Instances of the 2-satisfiability problem are typically expressed as Boolean formulas of a special type, called conjunctive normal form or Krom formulas. Alternatively, they may be expressed as a special type of directed graph, the implication graph, which expresses the variables of an instance and their negations as vertices in a graph, and constraints on pairs of variables as directed edges. Both of these kinds of inputs may be solved in linear time, either by a method based on backtracking or by using the strongly connected components of the implication graph. Resolution, a method for combining pairs of constraints to make additional valid constraints, also leads to a polynomial time solution. The 2-satisfiability problems provide one of two major subclasses of the conjunctive normal form formulas that can be solved in polynomial time; the other of the two subclasses is Horn-satisfiability.

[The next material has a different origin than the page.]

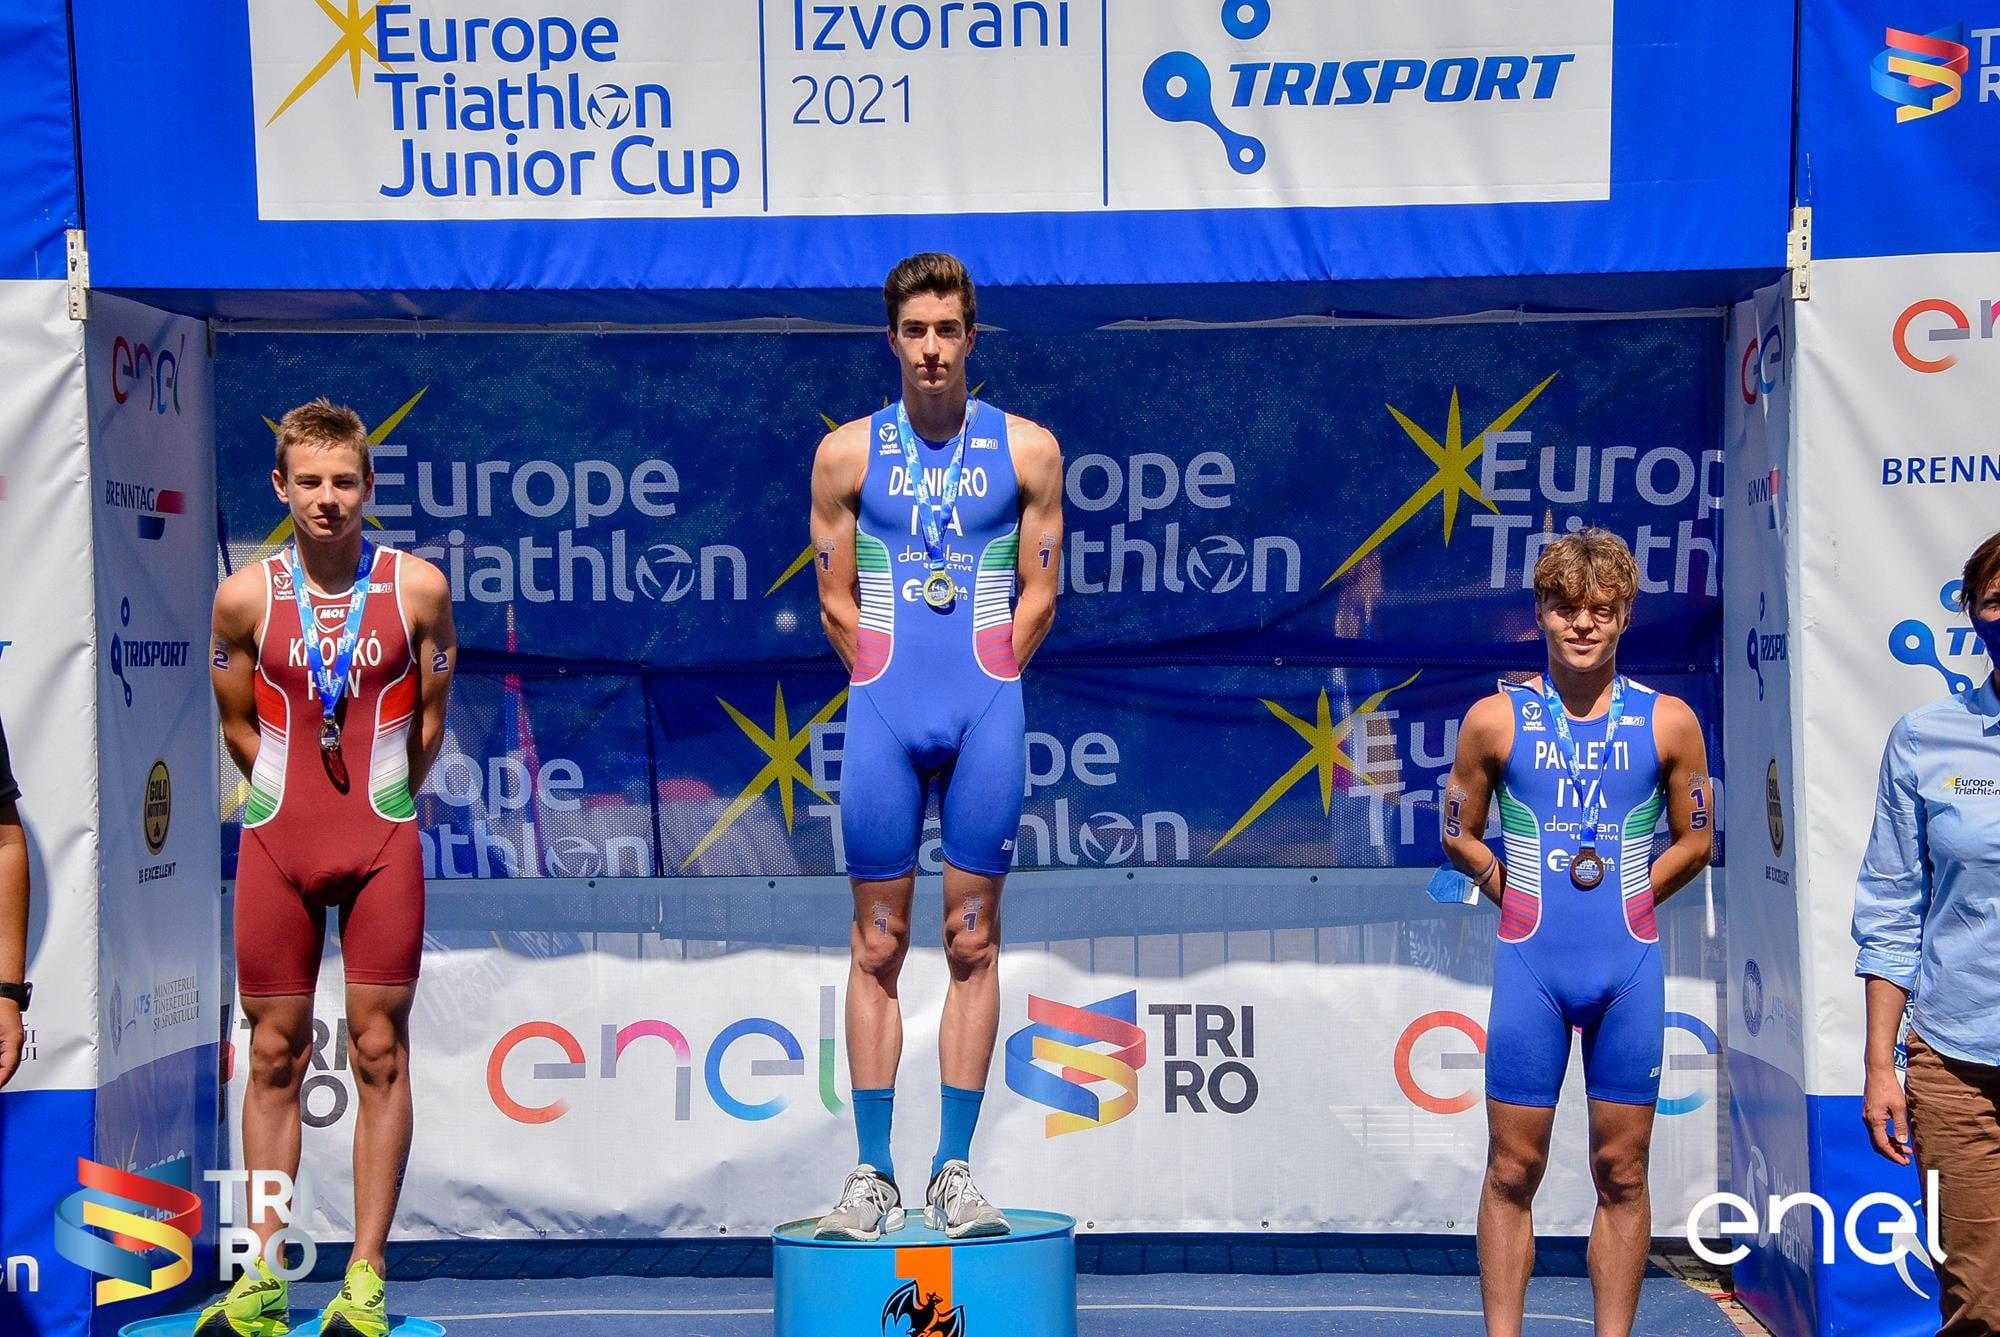 De Nigro a segno alla Europe Triathlon Junior Cup di Izvorani. Paoletti e Crociani sul podio
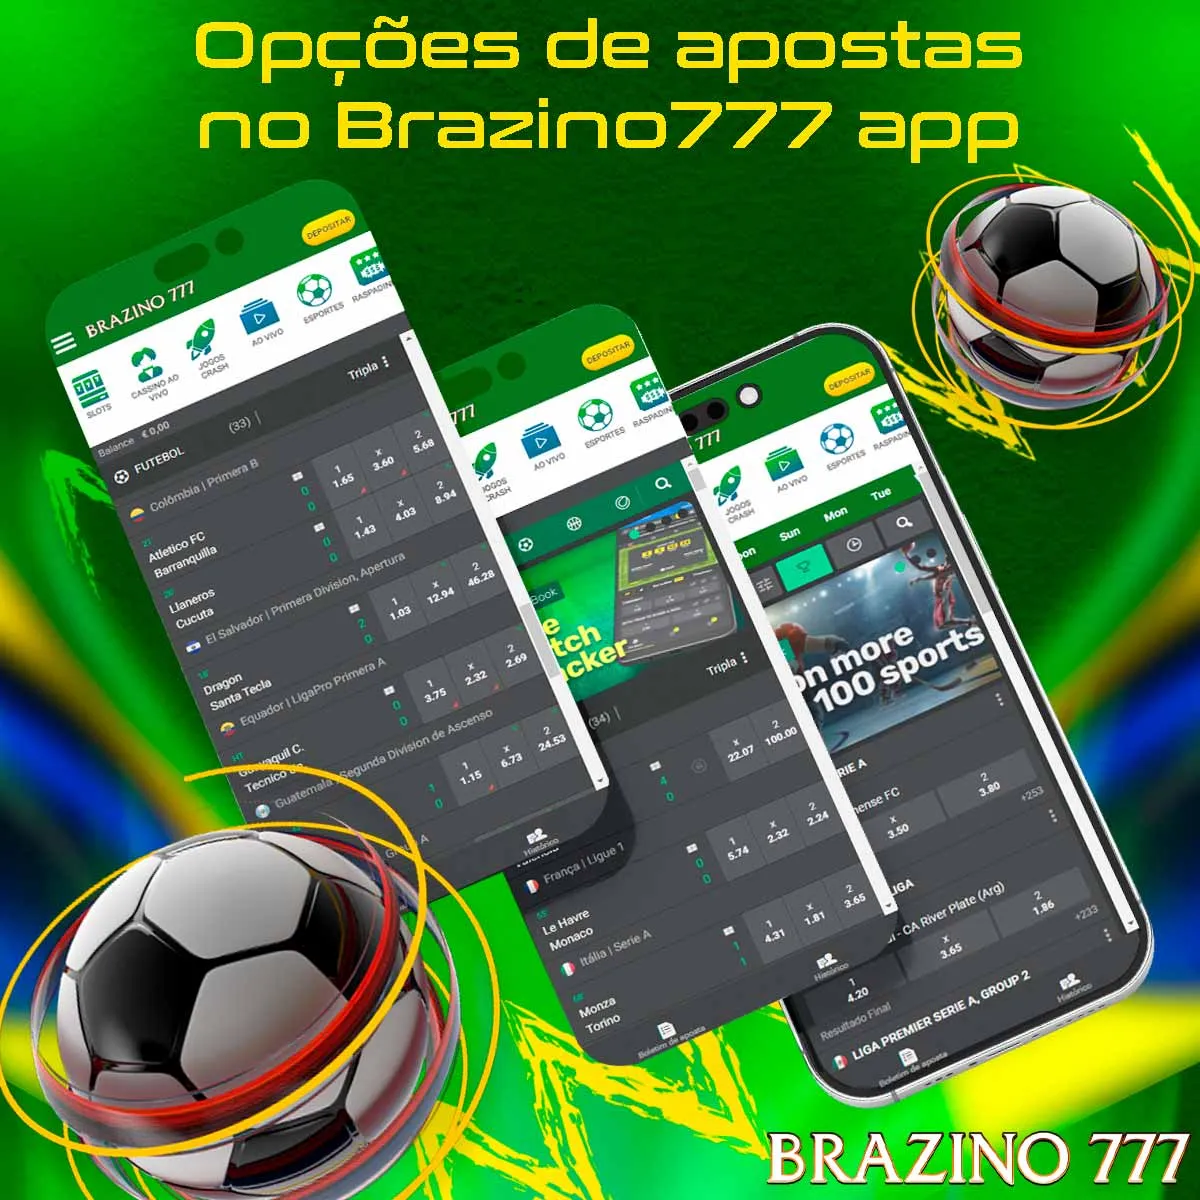 Uma visão geral das opções de apostas no aplicativo Brazino777

2-satisfiability may be applied to geometry and visualization problems in which a collection of objects each have two potential locations and the goal is to find a placement for each object that avoids overlaps with other objects. Other applications include clustering data to minimize the sum of the diameters of the clusters, classroom and sports scheduling, and recovering shapes from information about their cross-sections.
In computational complexity theory, 2-satisfiability provides an example of an NL-complete problem, one that can be solved non-deterministically using a logarithmic amount of storage and that is among the hardest of the problems solvable in this resource bound. The set of all solutions to a 2-satisfiability instance can be given the structure of a median graph, but counting these solutions is #P-complete and therefore not expected to have a polynomial-time solution. Random instances undergo a sharp phase transition from solvable to unsolvable instances as the ratio of constraints to variables increases past 1, a phenomenon conjectured but unproven for more complicated forms of the satisfiability problem. A computationally difficult variation of 2-satisfiability, finding a truth assignment that maximizes the number of satisfied constraints, has an approximation algorithm whose optimality depends on the unique games conjecture, and another difficult variation, finding a satisfying assignment minimizing the number of true variables, is an important test case for parameterized complexity.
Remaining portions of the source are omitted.